Sylvia Sidney
About
Biography
Filmography
Family & Companions
Bibliography
Notes
"I wouldn't know what to do with myself if I retired. I'm an actress, and I'll take any part they give me. I have to work." --Sylvia Sydney in a 1990 interview
"I just know Tim [Burton] and I were great lovers and great friends in another life 3,000 years ago." --Sydney quoted in BOXOFFICE, November 1996
Biography
During the Great Depression, actress Sylvia Sidney was said to possess the saddest eyes in Hollywood. The native New Yorker had only just debuted on Broadway when the movies lured her westward, where she cornered the market playing little ladies with big problems in "City Streets" (1930) and "An American Tragedy" (1930). (The actress once joked that Paramount paid her by the tear.) In time, she enjoyed more varied roles, among them "Madame Butterfly" (1932), while Fritz Lang made expressionistic use of her in "Fury" (1936) and "You Only Live Once" (1937). Sidney also found sanctuary on the stage, performing with the Group Theatre on Broadway and touring as Jane Eyre and Eliza Doolittle. Sidney was later drawn out of retirement to play Joanne Woodward's elderly mother in "Summer Wishes, Winter Dreams" (1973), for which she received an Oscar nomination. The attention propelled Sydney towards a comeback, in which the diminutive yet wholly indomitable actress was a bracing presence in such films as "Damien: Omen II" (1978), "Beetlejuice" (1988), "Used People" (1992), and "Mars Attacks!" (1998). A lifelong smoker, Sydney succumbed to throat cancer in 1999, her death capping the picaresque career of a leading lady whose star shone bright.

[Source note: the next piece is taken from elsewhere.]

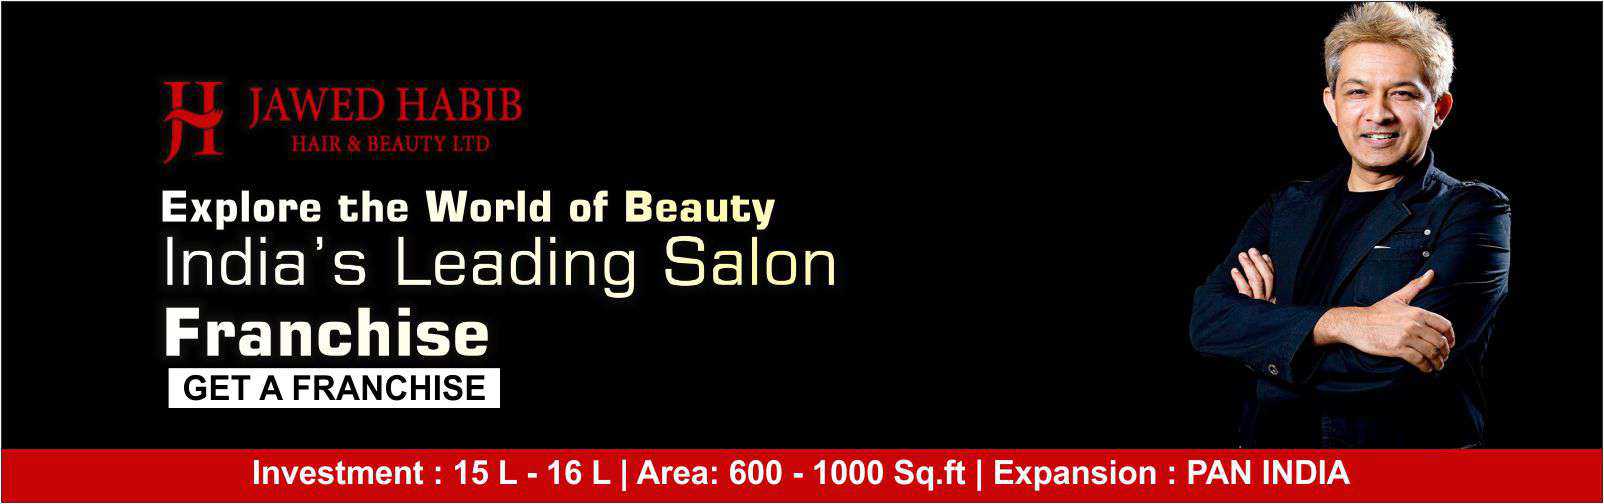 Jawed Habib Hair Beauty Beauty And Salon Franchise
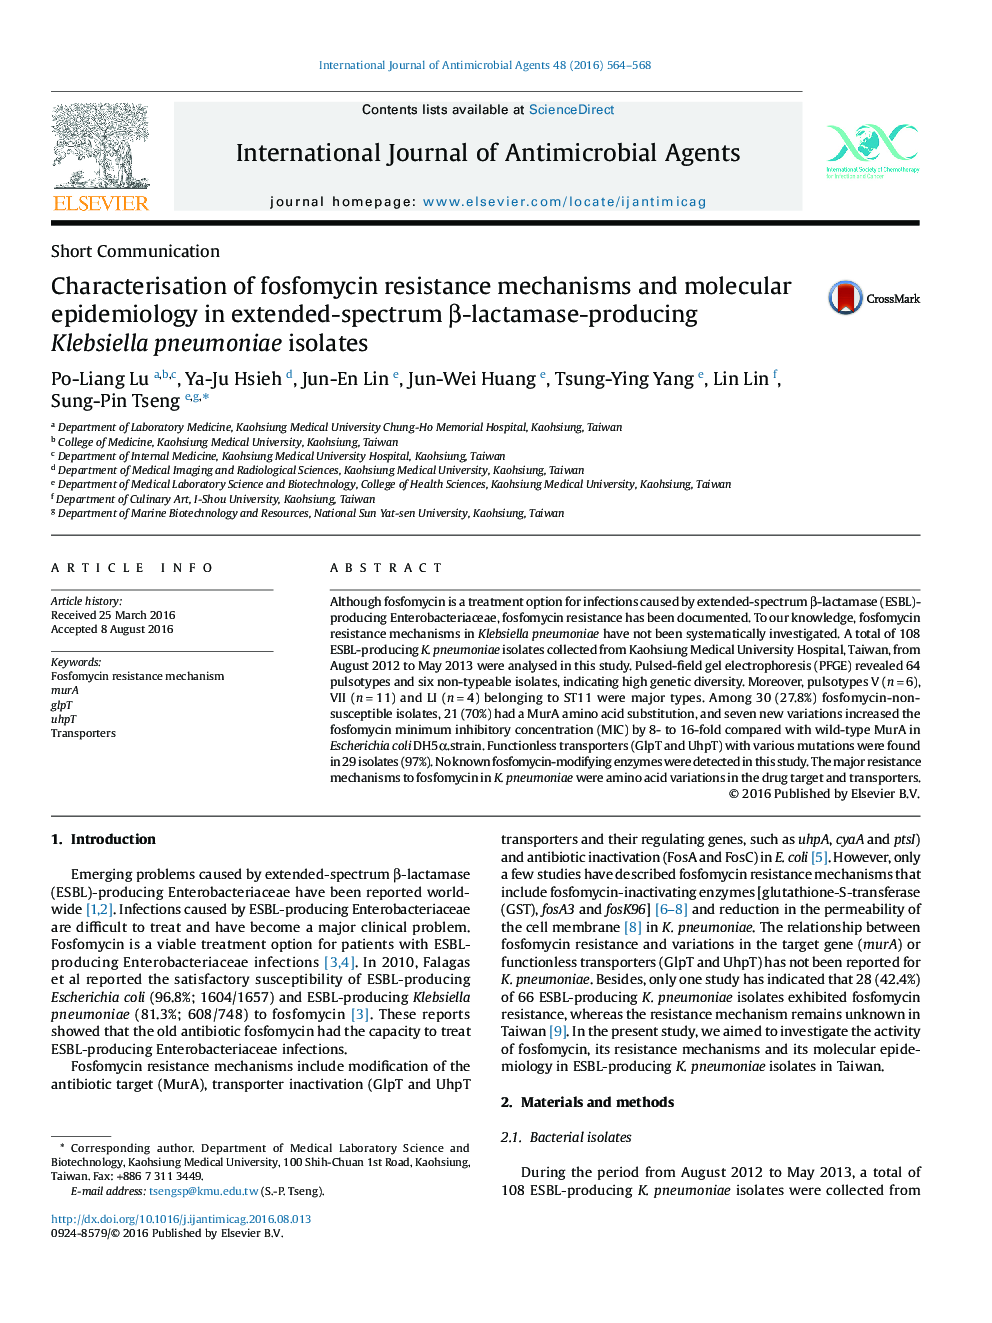 Characterisation of fosfomycin resistance mechanisms and molecular epidemiology in extended-spectrum Î²-lactamase-producing Klebsiella pneumoniae isolates

Sylvia Sidney was born Sophia Kosow in the Bronx, NY on Aug. 8, 1910. The daughter of Jewish immigrants from Russia and Romania, she was adopted by her stepfather, dentist Sigmund Sidney, after her parents' divorce. Suffering from shyness and developing a stammer, Sidney was enrolled in elocution lessons and, later, the Theatre Guild School of Acting. Sidney made her professional stage debut at age 16 in a 1926 production of the Ashley Miller-Hyman Adler drama "The Challenge of Youth" in the Polis Theater in Washington, D.C. She debuted on Broadway the following year as a replacement for Lionel Atwill's staging of the Jean Bart drama "The Squall." She returned to the Great White Way to play a virtuous city girl bedeviled by gangsters in Samuel Shipman and John B. Hymer's melodrama "Crime" and as the fiancée of a convicted anarchist in the Maxwell Anderson-Harold Hickerson polemic "Gods of the Lightning," based on the highly-publicized Sacco and Vanzetti trial. Spotted by Hollywood talent scouts, she was coaxed westward and made her film debut in the courtroom drama "Thru Different Eyes" (1928).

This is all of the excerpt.